- Music
- 05 May 10
Songs of Simple Wisdom
This is the Irish troubadour’s fifth studio album. In it, he explores the contrasting fates life can foist upon us. And it’s that sense of life’s realistic possibilities that separates Roesy from some of his more escapist rivals. ‘Cast Your Line’ takes an optimistic look at connectedness, but to stave off any complacency it’s followed by a chilling interpretation of the old blues chestnut ‘Motherless Child’, with a forlorn arrangement and a relentless, doom-laden stomp under Roesy’s plaintive vocal. The jaunty ‘Together’ gets him back on a more upbeat track, and there’s an aching wistfulness to the title track, but in ‘Truth Is In Your Heart’ he tells us that “Truth is in your heart, as it’s been from the start”. It would be folly to argue with a simple, unassailable truth like that.
The tentative ‘Stardust’, meanwhile, has a touch of Rufus Wainwright in some of the melodic inflections.

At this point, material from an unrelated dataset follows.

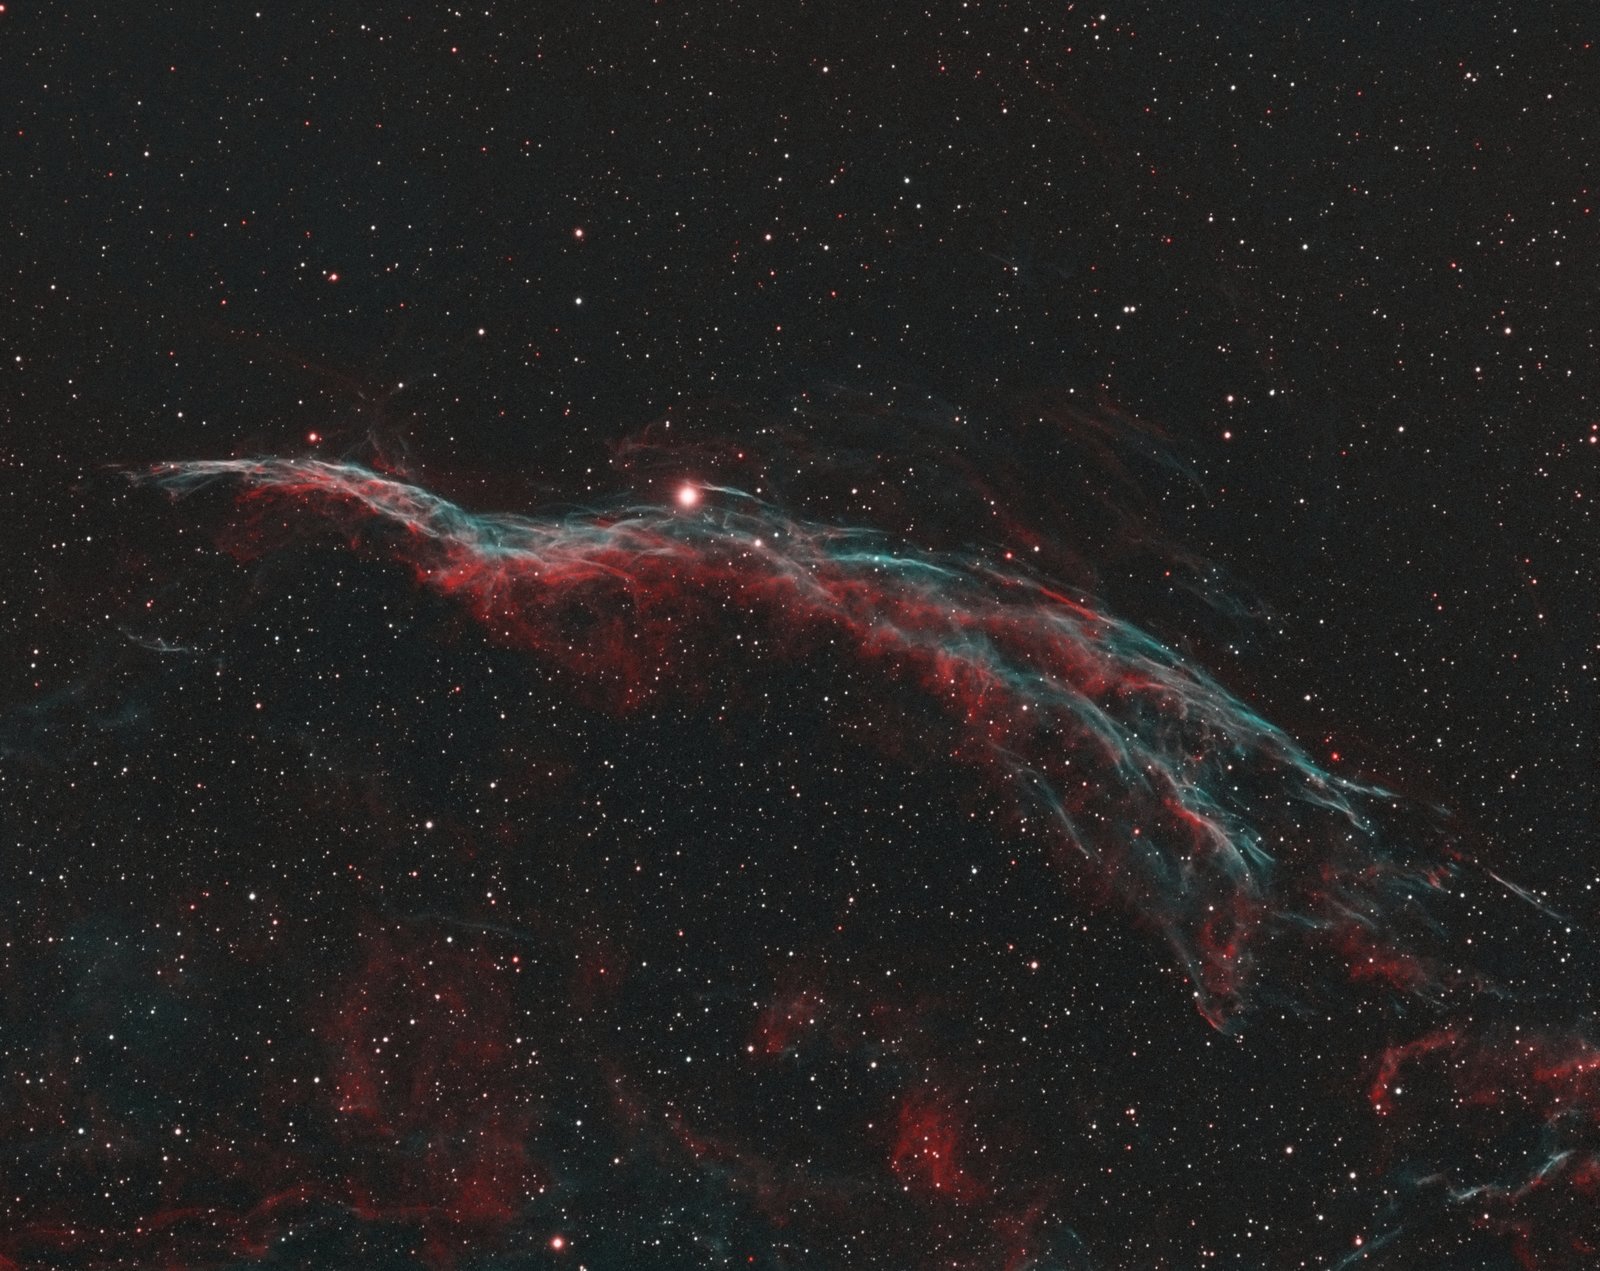 NGC6960-2.jpg.0259611059c5d9a84d1218afa334c737.thumb.jpg.30efbf45cc8a062eed37aaecda73a55d.jpg

Fable sees Roesy expand his range beyond the guitar/vocal format, the banjo on ‘Million To One’ and the electric guitar on the voodoo-ish ‘Need Some Time Alone’ being prime examples, but he does so with a tenderness that lovingly embellishes his fine creations. Roesy’s lyrics suggest a source of simple, undiluted wisdom we might all benefit from tapping into. In a world of Jedwards and Crystal Swings, how wonderful it would be if everything in the garden was Roesy.